[Dev Diaries] Tasks in parallel

Context

Back in the days of the old blog, I had posted a way to manage my asynchronous tasks by grouping them and basically having the kernel of something akin to promises in other languages/frameworks.

It was mostly based on operation queues and locks, and basically handled only the equivalent of "guarantees" in promise parlance.

A few months ago, John Sundell published a task based system that tickled me greatly. I immediately proceeded to forget about it until I got an Urge again to optimize my K-Means implementation. I tweaked his code to use my terminology and avoid rewriting everything where I used the concurrency stuff, as well as added a bunch of things I needed. Without further ado, here is some code and some comments.

Core feature: perform on queue

First, an alias that is inherited from the past and facilitates some operations further down the line:

public typealias constantFunction = (() throws -> ())

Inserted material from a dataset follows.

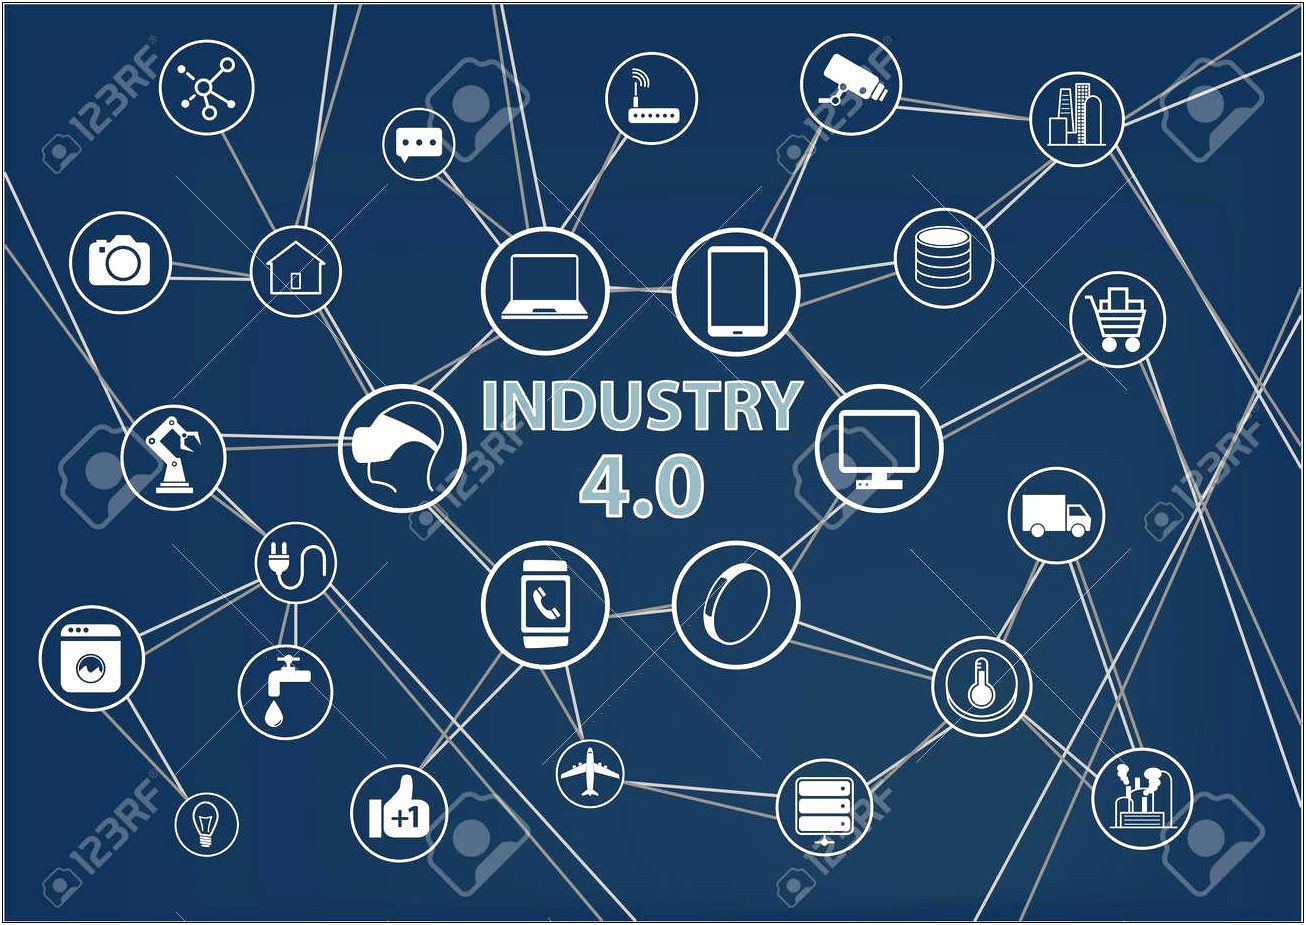 Free Industry 4.0 Ppt Template

Then the main meat of the system: the Task class and ancillary utilities. My code was already fairly close from Sundell's, so I mostly adopted his style.

public class Task {
    // MARK: Ancillary stuff
    public enum TaskResult {
        case success
        case failure(Error)
    }
    
    public struct TaskManager {
        fileprivate let queue : DispatchQueue
        fileprivate let handler : (TaskResult) -> Void
        
        func finish() {
            handler(.success)
        }
        
        func fail(with error: Error) {
            handler(.failure(error))
        }
    }
    public typealias TaskFunction = (TaskManager) -> Void
    
    //MARK: Init
    private let closure: TaskFunction
    
    public init( _ closure: @escaping TaskFunction) {
        self.closure = closure
    }
    
    public convenience init(_ f: @escaping constantFunction) {
        self.init { manager in
            do {
                try f()
                manager.finish()
            } catch {
                manager.fail(with: error)
            }
        }
    }
    
    //MARK: Core
    public func perform(on queue: DispatchQueue = .global(),
                 handler: @escaping (TaskResult) -> Void) {
        queue.async {
            let manager = TaskManager(
                queue: queue,
                handler: handler
            )
            
            self.closure(manager)
        }
    }
}

In order to understand the gist of it, I really recommend reading the article, but in essence, it's "just" something that executes a function, then signals the manager that the task is complete.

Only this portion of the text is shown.